Human menisci were harvested from four patients undergoing total knee replacements. Tissue from the outer and inner regions represented pieces taken from one third and two thirds of the radial distance of the meniscus, respectively. Meniscus cells were released from the menisci after collagenase treatment. Bone marrow MSCs were obtained from the iliac crest of two patients after plastic adherence and in vitro culture until passage 2. Primary meniscus cells from the outer (MCO) or inner (MCI) regions of the meniscus were co-cultured with MSCs in three-dimensional (3D) pellet cultures at 1:3 ratio, respectively, for 3 weeks in the presence of serum-free chondrogenic medium containing TGF-β1. Mono-cultures of MCO, MCI and MSCs served as experimental control groups. The tissue formed after 3 weeks was assessed biochemically, histochemically and by quantitative RT-PCR.

Results

Co-culture of inner (MCI) or outer (MCO) meniscus cells with MSCs resulted in neo-tissue with increased (up to 2.2-fold) proteoglycan (GAG) matrix content relative to tissues formed from mono-cultures of MSCs, MCI and MCO. Co-cultures of MCI or MCO with MSCs produced the same amount of matrix in the tissue formed. However, the expression level of aggrecan was highest in mono-cultures of MSCs but similar in the other four groups. The DNA content of the tissues from co-cultured cells was not statistically different from tissues formed from mono-cultures of MSCs, MCI and MCO. The expression of collagen I (COL1A2) mRNA increased in co-cultured cells relative to mono-cultures of MCO and MCI but not compared to MSC mono-cultures. Collagen II (COL2A1) mRNA expression increased significantly in co-cultures of both MCO and MCI with MSCs compared to their own controls (mono-cultures of MCO and MCI respectively) but only the co-cultures of MCO:MSCs were significantly increased compared to MSC control mono-cultures. Increased collagen II protein expression was visible by collagen II immuno-histochemistry. The mRNA expression level of Sox9 was similar in all pellet cultures.
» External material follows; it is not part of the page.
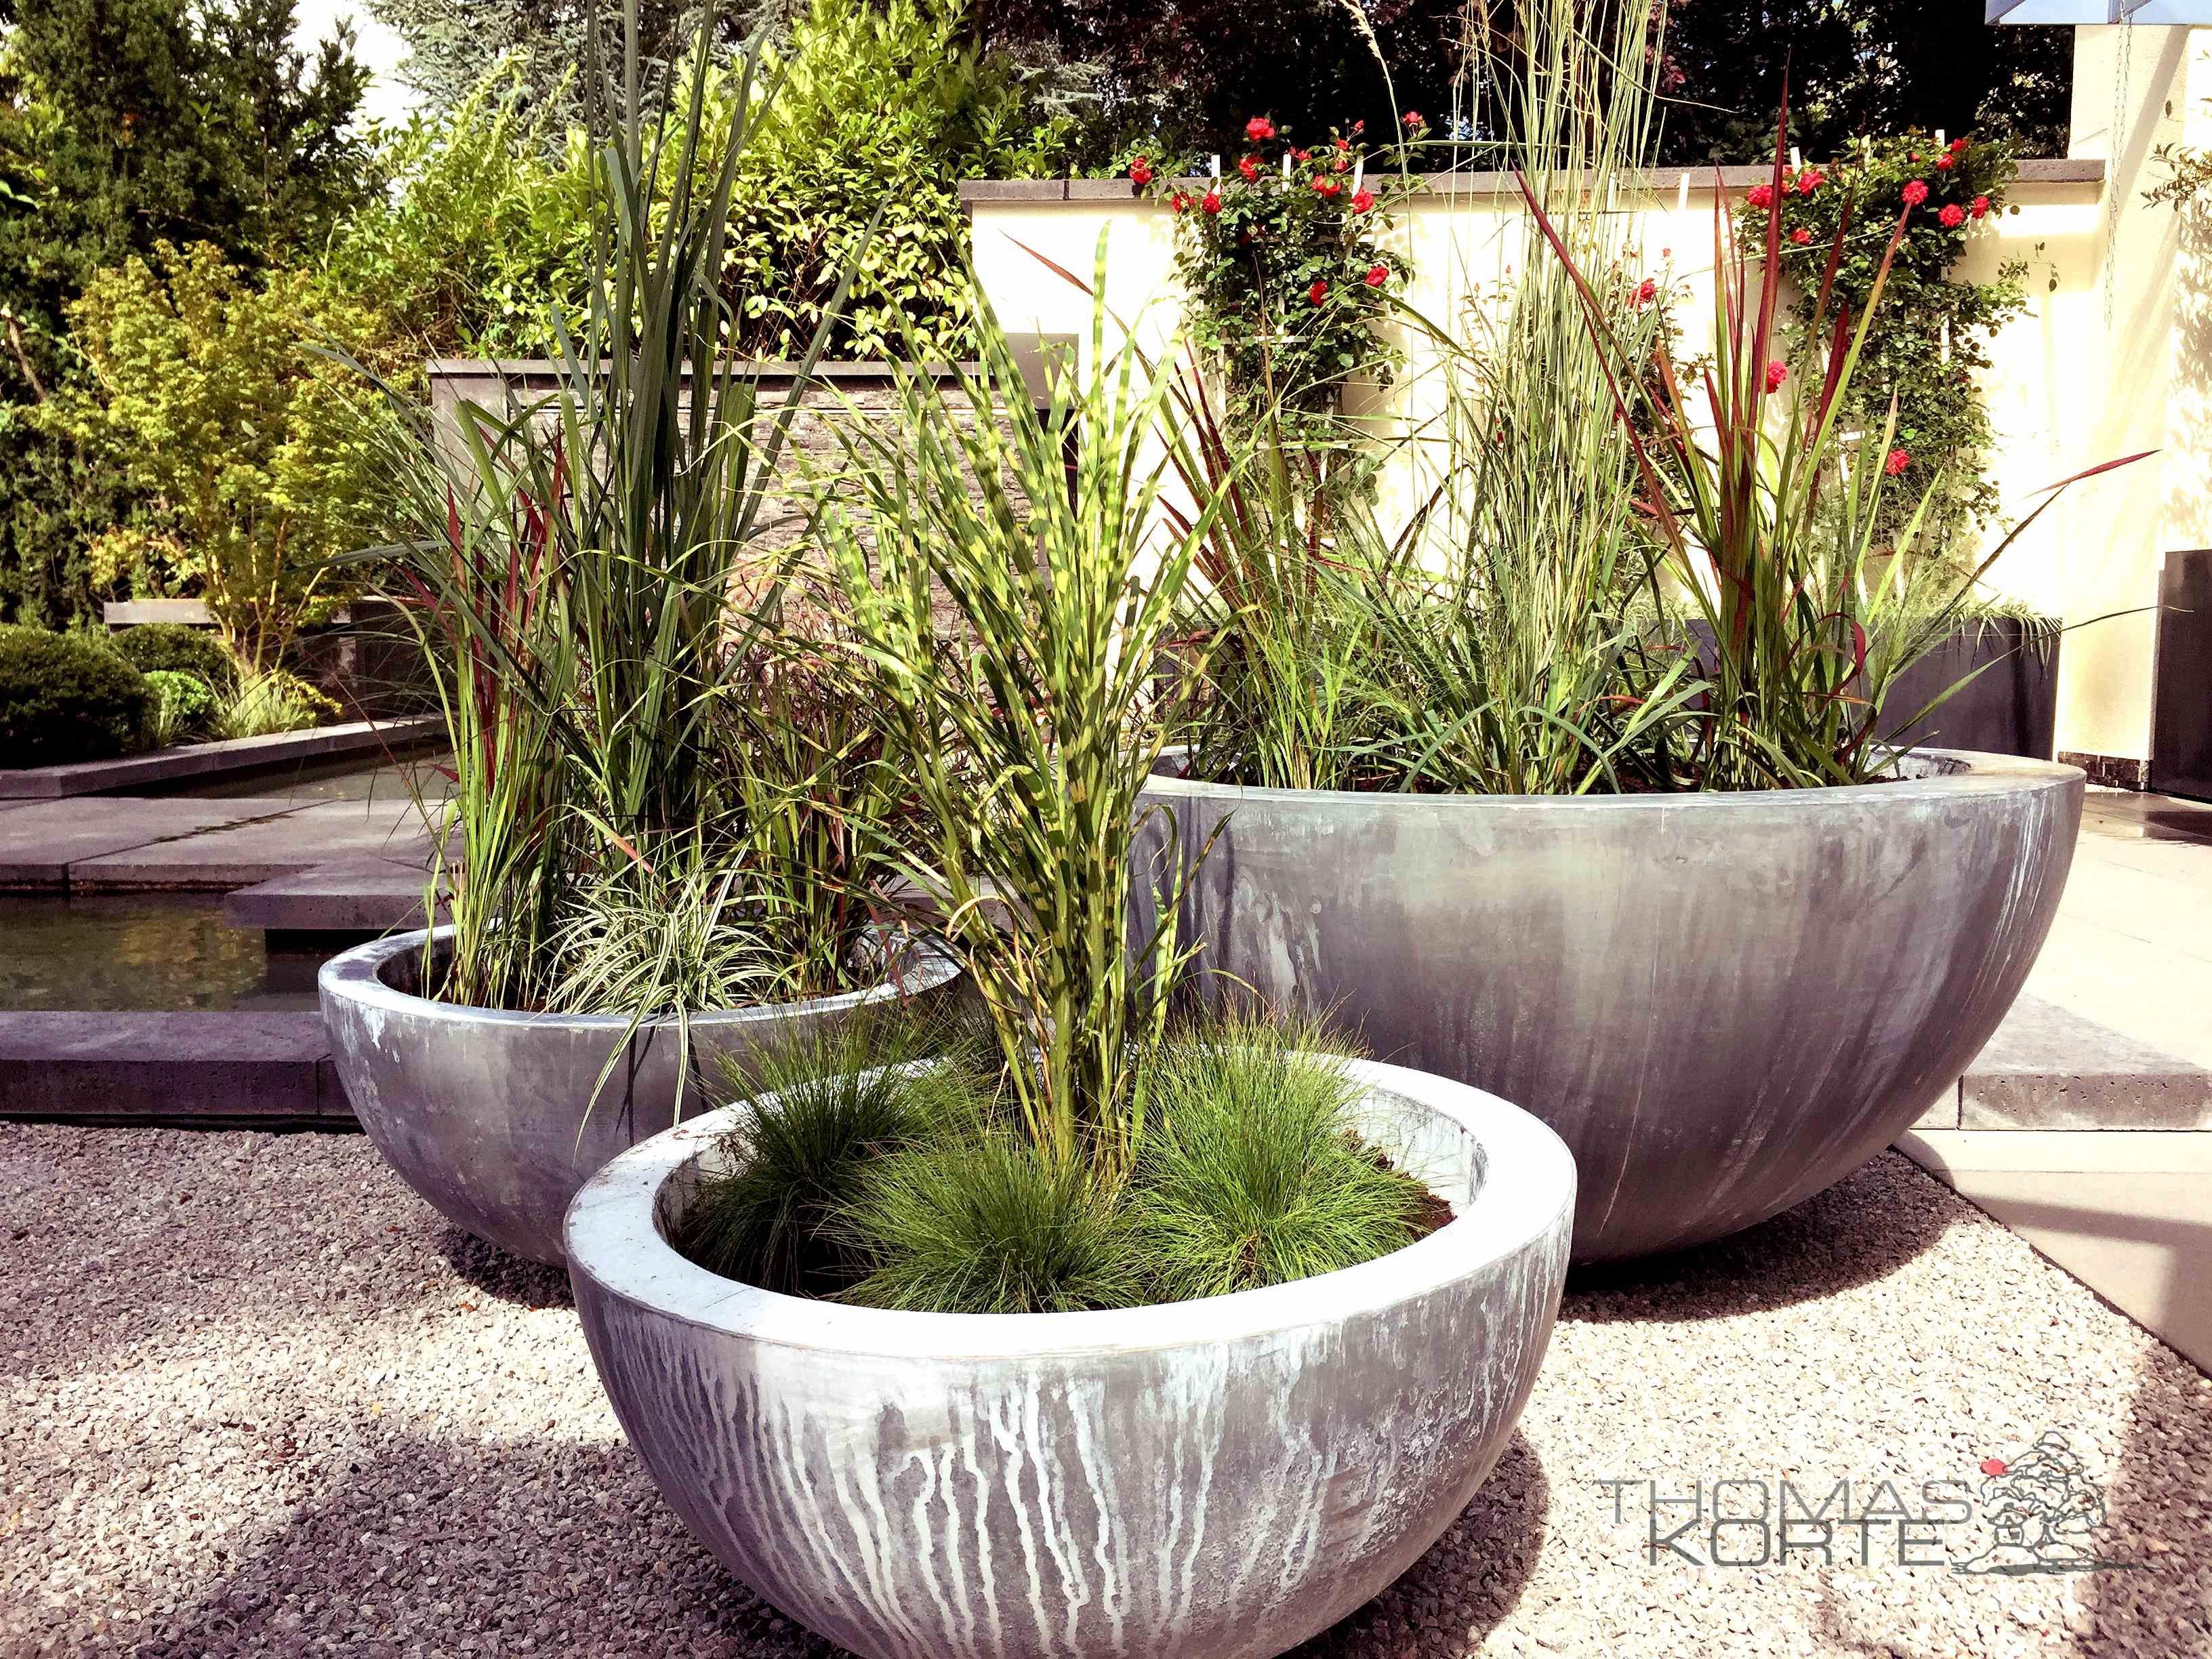 Topfe Domani Zinc Graser Bepflanzung Terrasse Garten

The expression of collagen × (COL10A1) mRNA was 2-fold higher in co-cultures of MCI:MSCs relative to co-cultures of MCO:MSCs. Additionally, other hypertrophic genes, MMP-13 and Indian Hedgehog (IHh), were highly expressed by 4-fold and 18-fold, respectively, in co-cultures of MCI:MSCs relative to co-cultures of MCO:MSCs.

Conclusions

Co-culture of primary MCI or MCO with MSCs resulted in enhanced matrix formation. MCI and MCO increased matrix formation similarly after co-culture with MSCs. However, MCO was more potent than MCI in suppressing hypertrophic differentiation of MSCs. These findings suggest that meniscus cells from the outer-vascular regions of the meniscus can be supplemented with MSCs in order to engineer functional grafts to reconstruct inner-avascular meniscus.